In case of large-scale renewable energy plants, production output is regularly reviewed to ensure ROI. This is different for small plants. By comparing predicted production based on past meteorological data with actual production of a PV power plant, we estimate plant's condition and predict next required maintenance. The analysis detects performance losses and, therby, enhances economic profits.
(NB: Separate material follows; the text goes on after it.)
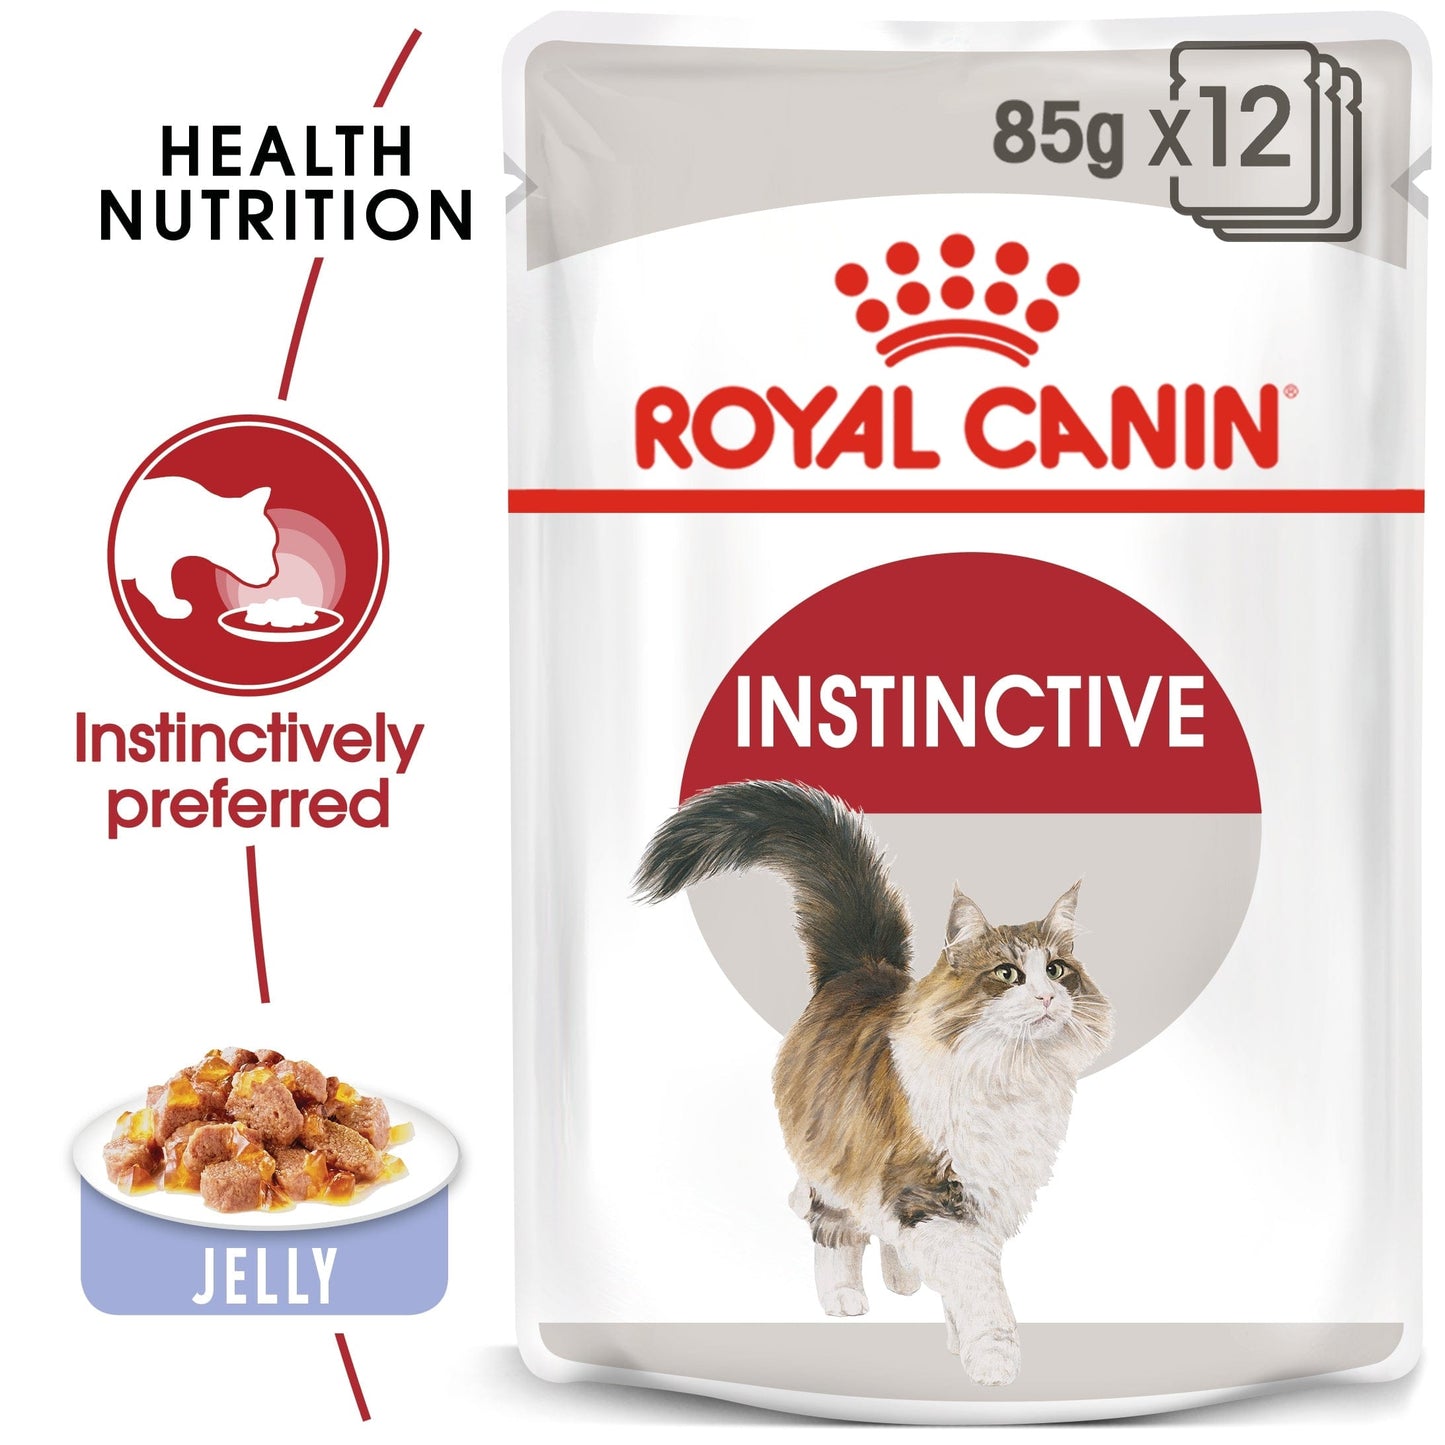 Royal Canin Feline Health Nutrition Instinctive Adult Cats Jelly Wet Food Pouch, 85g

This challenge was part of the Energy Hackdays 2019 (https://hack.opendata.ch/project/284).


## Model

$q_{t,p} = \alpha_0 + \alpha_1 \times \hat{q}_{t,p}(\omega_{t-1}) + \epsilon_{t,p}$,
where $q_{t,p}$ is actual production, $\hat{q}_{t,p}$ estimated potential production based on past weather parameters $\omega_{t-1}$. 

## Approach
1. Estimate potential production based on past weather parameters $\hat{q}_{t,p}(\omega_{t-1})$
2. Compare this estimation with actual production $q_{t,p}$


In [1]:
import pandas as pd
import matplotlib.pyplot as plt
import statsmodels.api as sm
import seaborn as sns
import ppscore as pps
import sys,os

In [2]:
os.chdir("..")
sys.path.append(os.getcwd())
from preprocessor.paths import (PATH_TO_PLANT_A,
                                 PATH_TO_PLANT_B,
                                 PATH_TO_PLANT_C,
                                 PATH_TO_WEATHER)
from preprocessor.preprocessor import Preprocessor

In [3]:
data_plant_a = Preprocessor(PATH_TO_PLANT_A, "timestamp").df_indexed_utc
data_plant_a = Preprocessor(PATH_TO_PLANT_A, "timestamp").df_indexed_utc
data_plant_c = Preprocessor(PATH_TO_PLANT_C, "timestamp").df_indexed_utc
data_weather = Preprocessor(PATH_TO_WEATHER, "local_time").df_indexed_utc

TypeError: _set_datetime_index() missing 1 required positional argument: 'local_time'

## Weather (Radiation) Prediction

### Which factors contribute most to PV production?

In [None]:
data_weather = WeatherPreprocessor(PATH_TO_WEATHER).df_indexed_utc

In [None]:
data = pd.merge(left=data_plant_a, right=data_weather,
                left_index=True, right_index=True)
data.columns

In [None]:
def heatmap(df):
    fig, ax = plt.subplots()
    heatmap = sns.heatmap(df, vmin=0, vmax=1, cmap="Blues", 
                          linewidths=0.5, annot=True, ax=ax)
    heatmap.set_title('PPS matrix')
    heatmap.set_xlabel('feature')
    heatmap.set_ylabel('target')
    return heatmap

In [None]:
def corr_heatmap(df):
    ax = sns.heatmap(df, vmin=-1, vmax=1, cmap="BrBG", linewidths=0.5, annot=True)
    ax.set_title('Correlation matrix')
    return ax

In [None]:
sns.set()
heatmap(pps.matrix(data))

In [None]:
corr_heatmap(data.corr())

In [None]:
sns.scatterplot(data=data, x="generation_kw", y="radiation_surface", alpha=0.1)

In [None]:
sns.scatterplot(data=data, x="generation_kw", y="radiation_toa", alpha=0.1)

### Predict radiation in top of athmosphere based on past weather factors

#### Linear Regression

In [None]:
data["radiation_toa"].plot()

In [None]:
for col in data.columns:
    print(col)
    sns.distplot(data[col])
    plt.show()

In [None]:
data.columns

In [None]:
# separate our my predictor variables (X) from my outcome variable y
predictors = ['temperature', 'precipitation', 'snowfall', 'snow_mass', 'air_density', 
              'radiation_surface', 'cloud_cover']
X = data[predictors]
y = data['radiation_toa']

# Add a constant to the predictor variable set to represent the Bo intercept
X = sm.add_constant(X)
X

In [None]:
X[X.isna().sum(axis=1)>0]

In [None]:
# (1) select a significance value
alpha = 0.05

# (2) Fit the model
model = sm.OLS(y, X).fit()

# (3) evaluate the coefficients' p-values
model.summary()